Un barrage contre le Pacifique est un roman de Marguerite Duras paru en 1950.

Contexte d'écriture[modifier | modifier le code]

C'est au moment où Marguerite Duras vient de divorcer de son premier mari, Robert Antelme, et de se remarier avec Dionys Mascolo (dont elle aura un enfant) qu'elle écrit ce roman. Marguerite Duras a écrit et publié son livre en pleine guerre d'Indochine.

Elle s'inspire largement de sa propre adolescence, qu'elle a passée en Indochine française, pour écrire ce roman où le personnage de Suzanne lui ressemble.

Résumé[modifier | modifier le code]

Dans le sud de l’Indochine française, en 1931, une veuve vit avec ses deux enfants, Joseph et Suzanne (20 et 16 ans). Leur bungalow est isolé dans la plaine marécageuse de Kam (Kampot, sur le littoral cambodgien) proche du petit port de Ram (Ream). Leurs conditions de vie sont déplorables à cause de leurs faibles revenus et ils sont fréquemment contraints de manger de l'échassier. Ils ne possèdent qu'une vieille automobile modèle B12 en fin de vie rafistolée de toute part.

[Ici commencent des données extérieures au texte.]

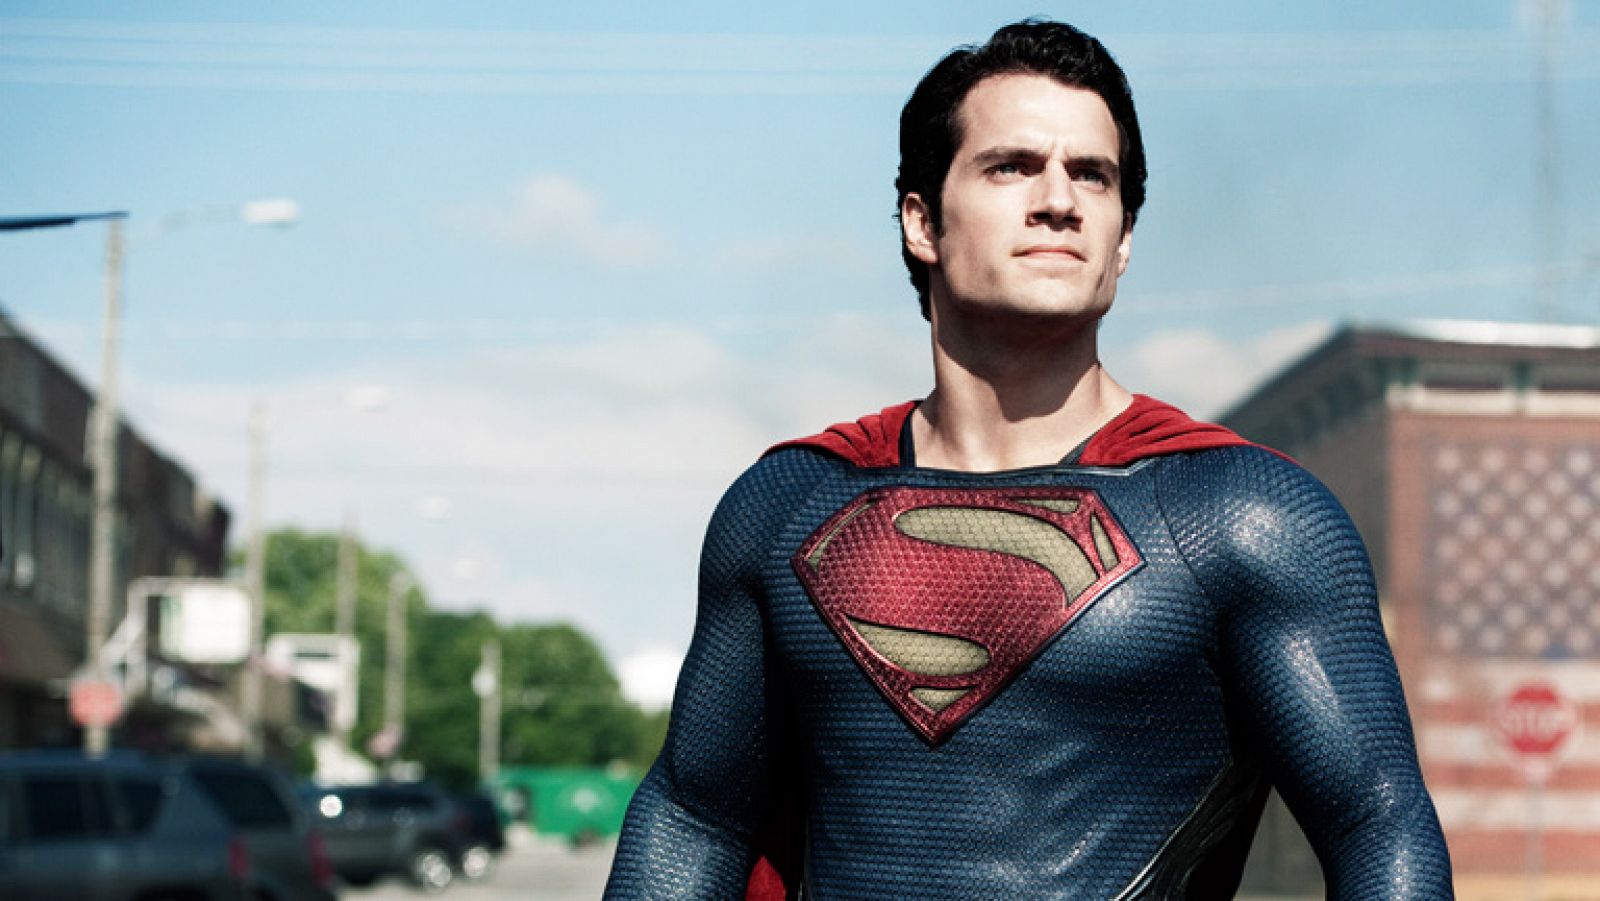 Cultura en Rtve.es: RTVE.es estrena el tráiler en español de 'El hombre de acero', el nuevo Superman | RTVE Play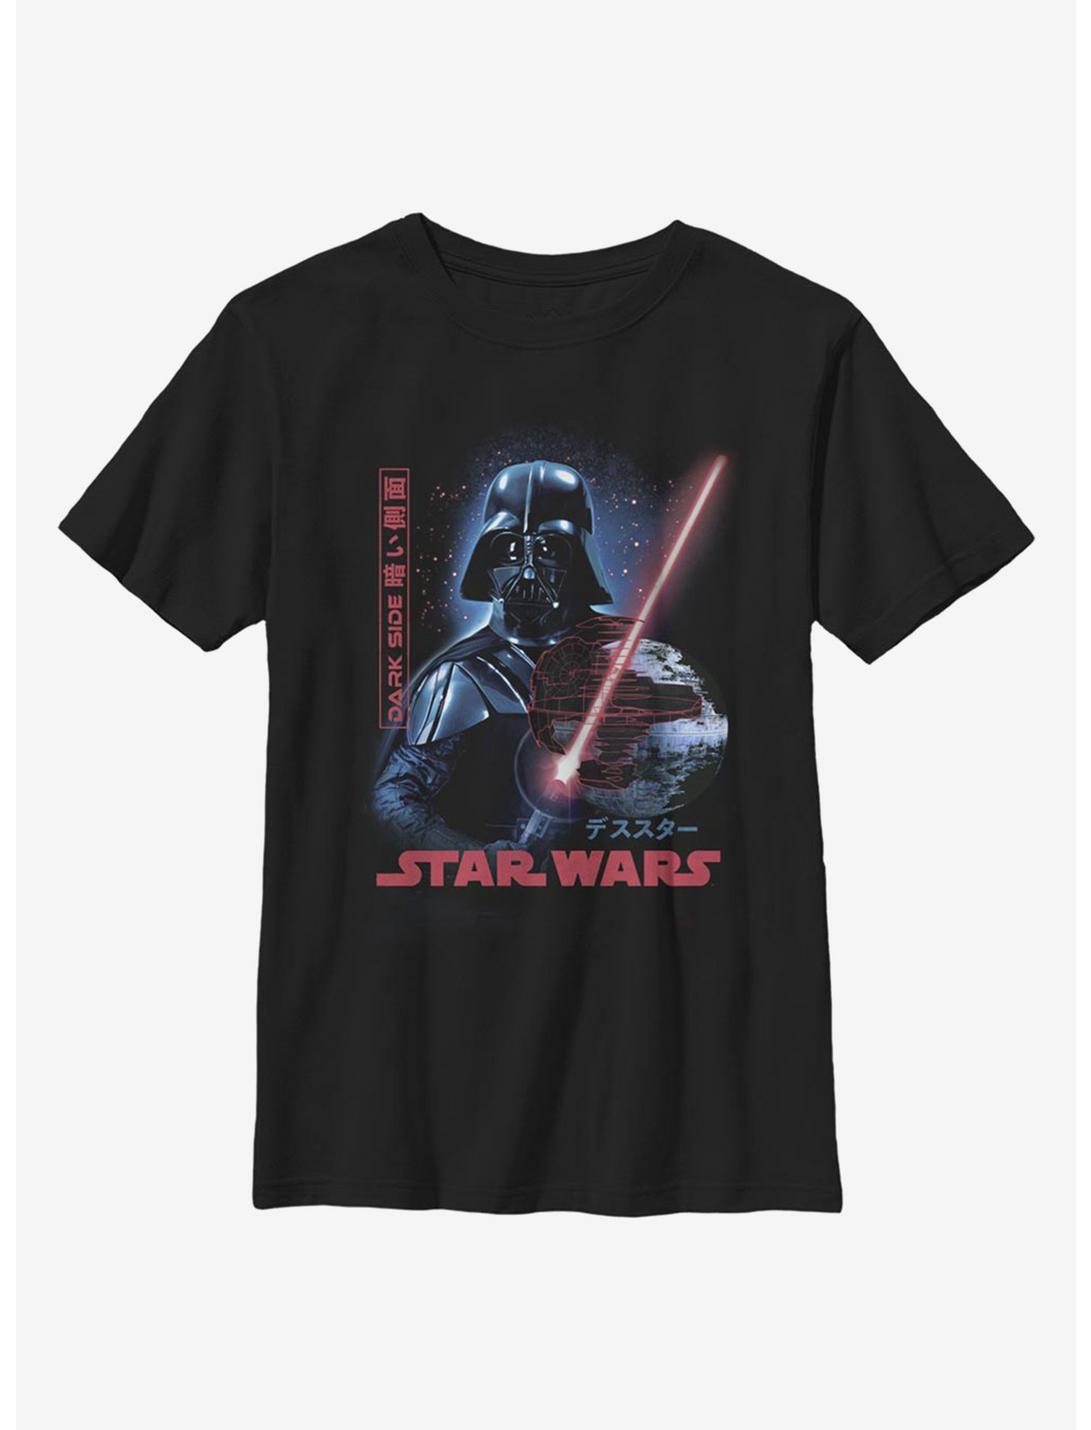 Star Wars Darth Vader Empire Japanese Text Youth T-Shirt, BLACK, hi-res

La mère a économisé et travaillé dans un cinéma comme pianiste durant quinze ans pour se voir attribuer cette concession, qui s'est finalement révélée incultivable : les plantations sont détruites tous les ans par les grandes marées de la mer de Chine méridionale (que la mère s'obstine à nommer l'océan Pacifique, terme plus exotique et plus prestigieux à ses yeux). La mère, désillusionnée après avoir vu ses barrages détruits et soumise au harcèlement de l'administration corrompue, commence à sombrer dans la folie.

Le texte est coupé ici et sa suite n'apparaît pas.